#### Exercise aim:
Every line of the listing is returned unchanged, and every picture is dropped.

#### Raw data:
===============

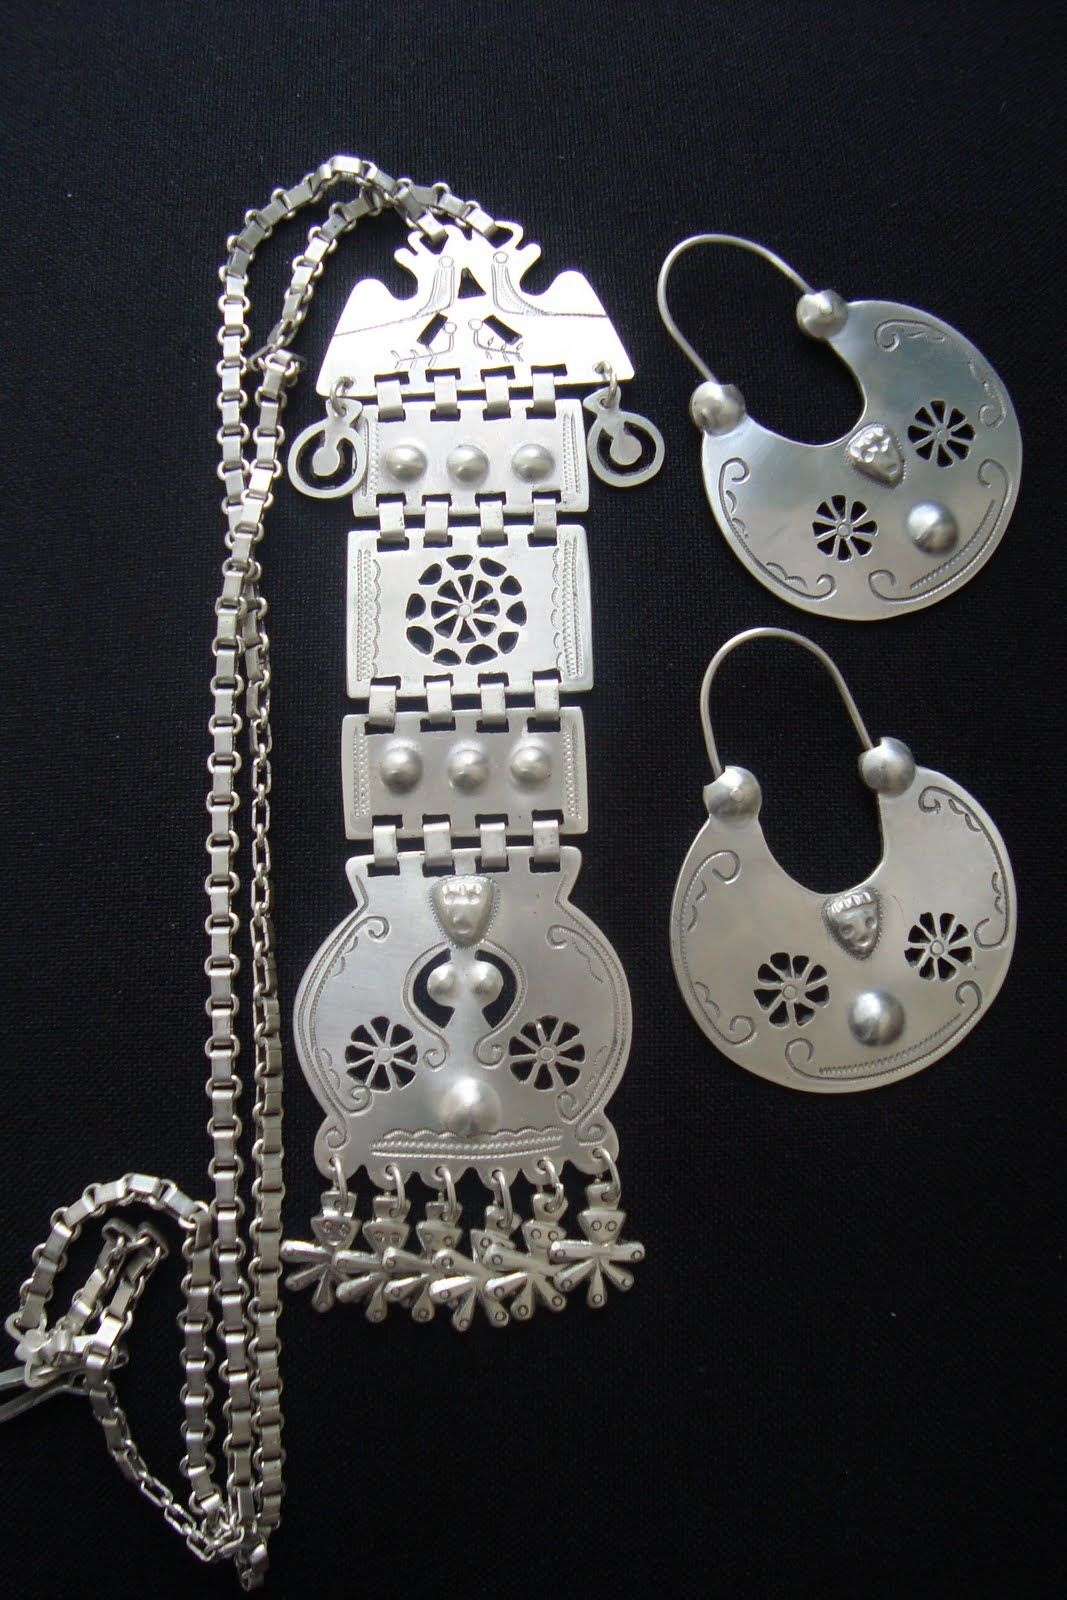 df5db2a3cfcb Mapuche jewellery Artesania Mapuche
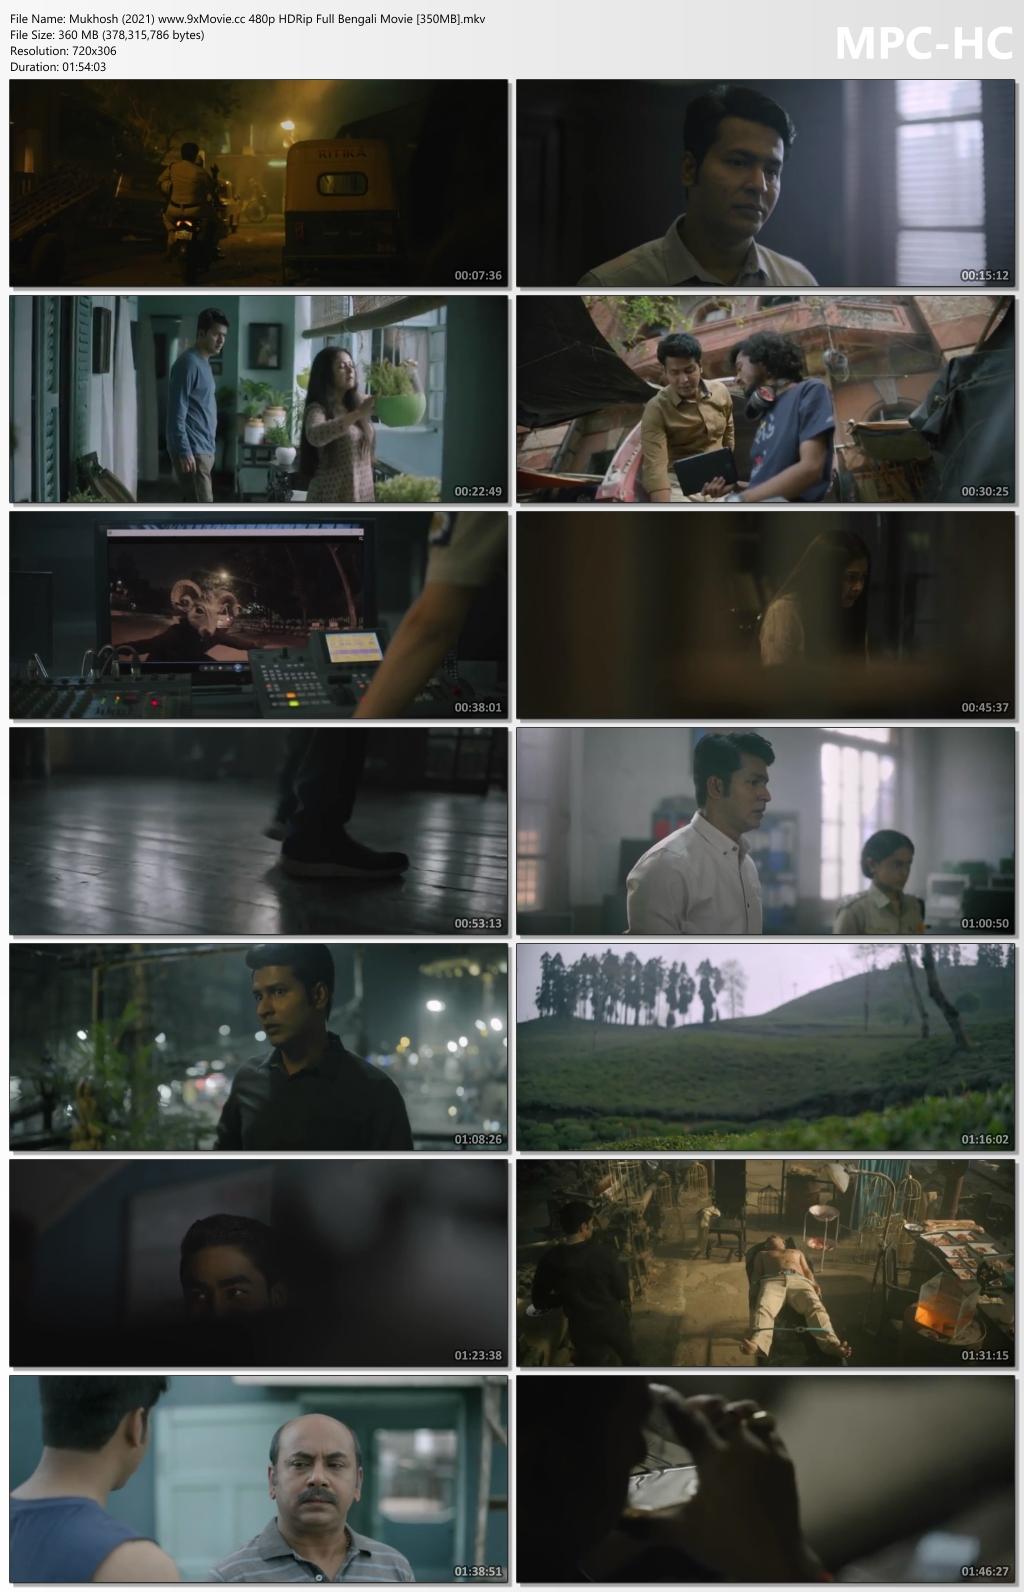 Mukhosh-2021-www-9x-Movie-cc-480p-HDRip-Full-Bengali-Movie-350-MB-mkv
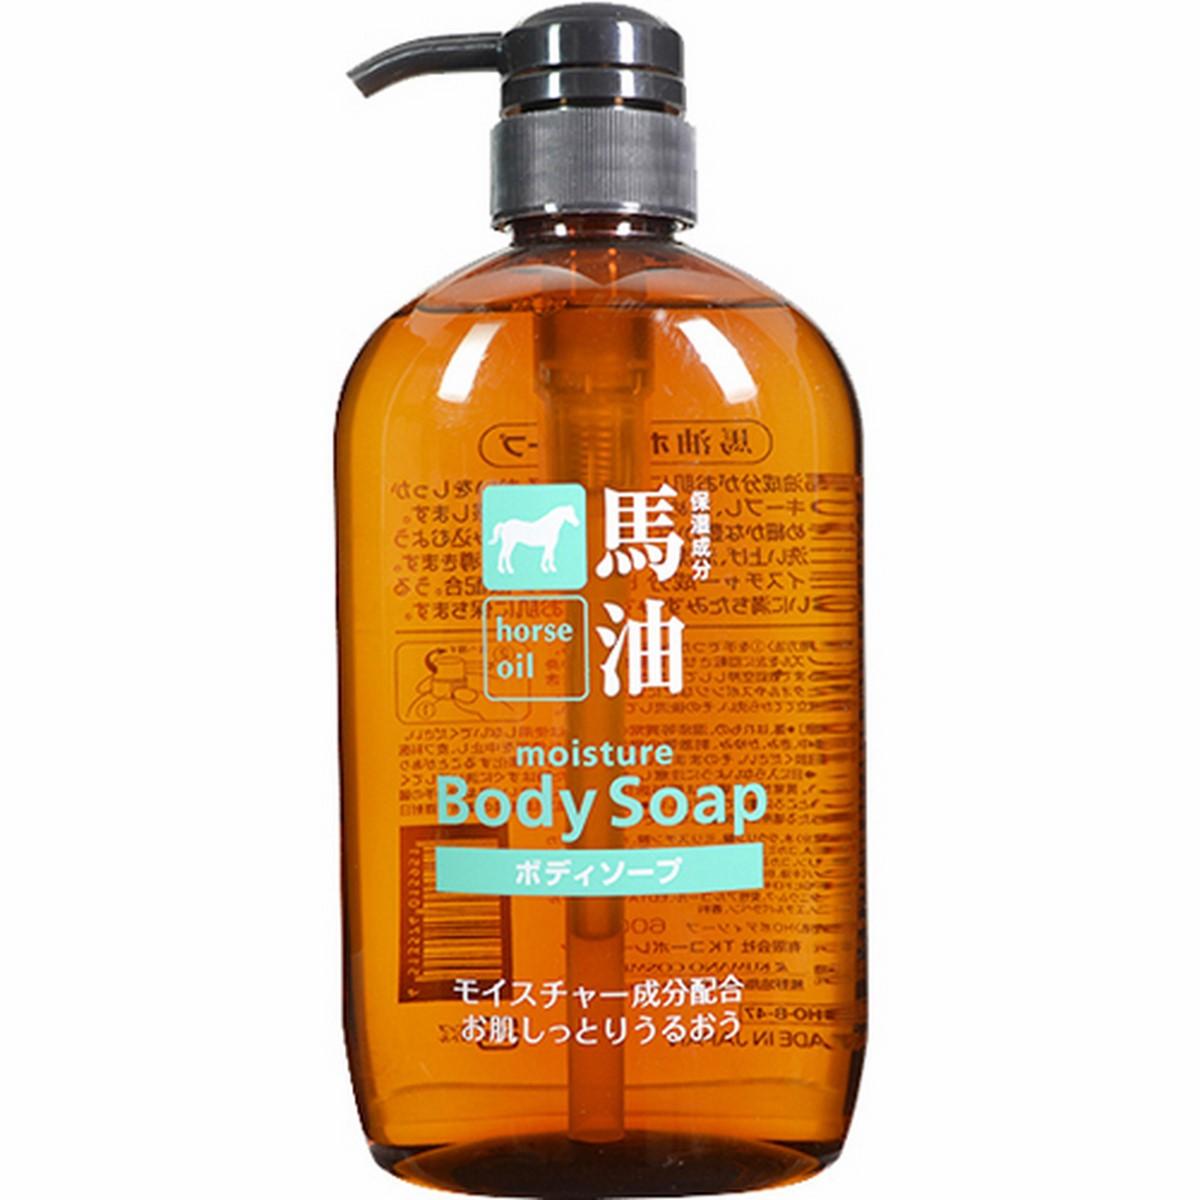 Sữa tắm tinh chất mỡ ngựa Nhật Bản Horse Oil Moisture Body Soap 600ml
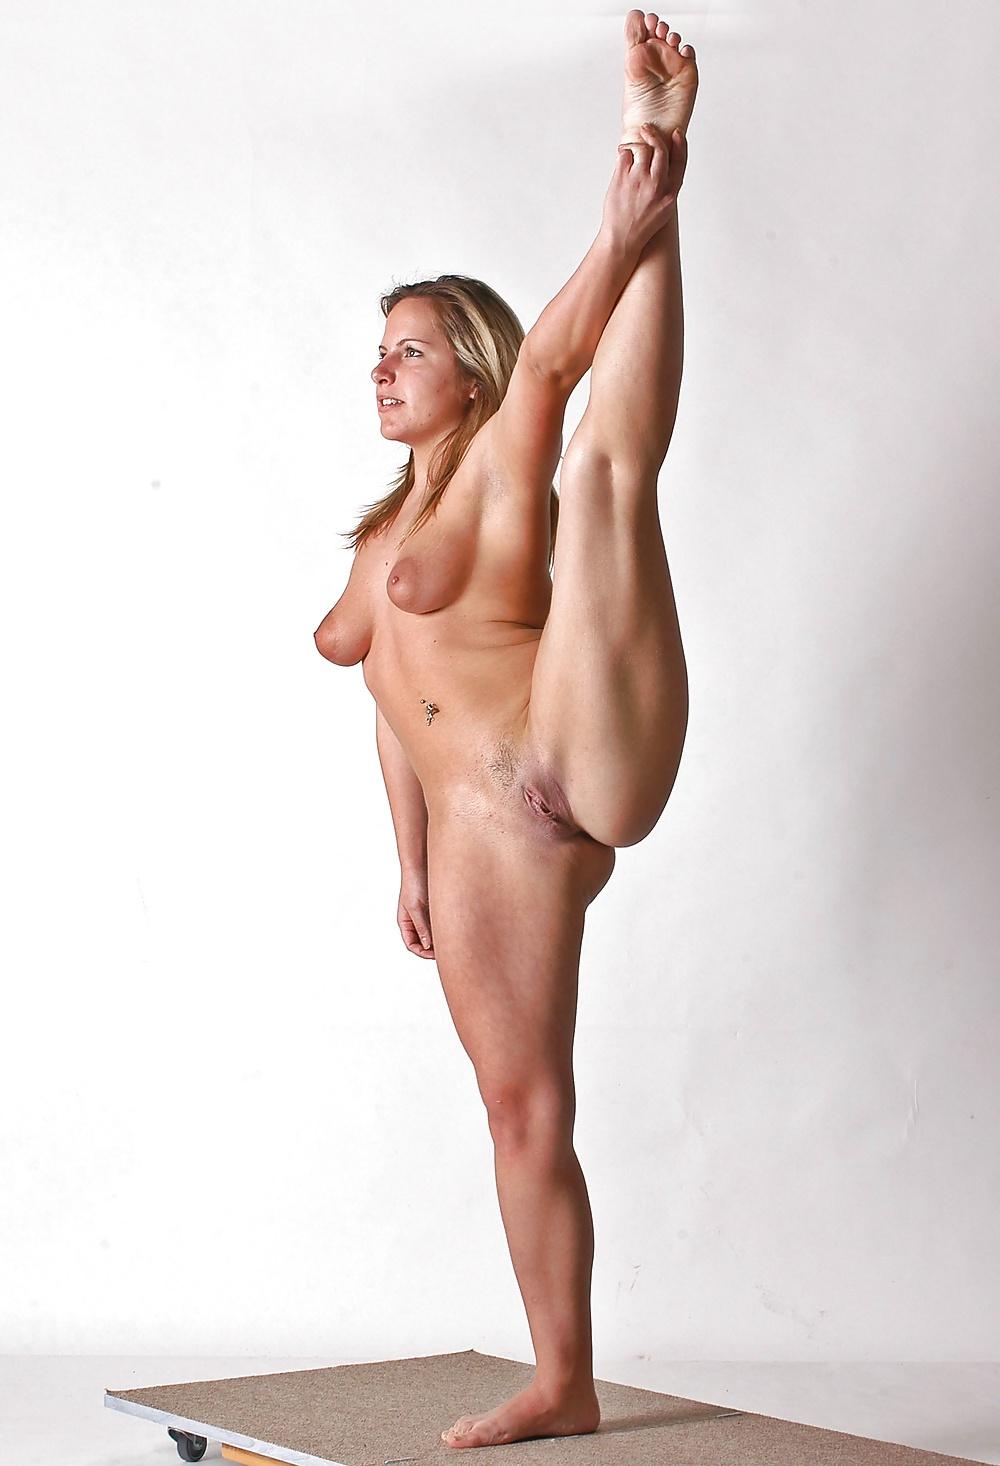 Stunning Brunette Lorena G Rollerskating Naked Spreading Legs Wide Open

===============

#### Exercise solution:
 df5db2a3cfcb Mapuche jewellery Artesania Mapuche
 Mukhosh-2021-www-9x-Movie-cc-480p-HDRip-Full-Bengali-Movie-350-MB-mkv
 Sữa tắm tinh chất mỡ ngựa Nhật Bản Horse Oil Moisture Body Soap 600ml
 Stunning Brunette Lorena G Rollerskating Naked Spreading Legs Wide Open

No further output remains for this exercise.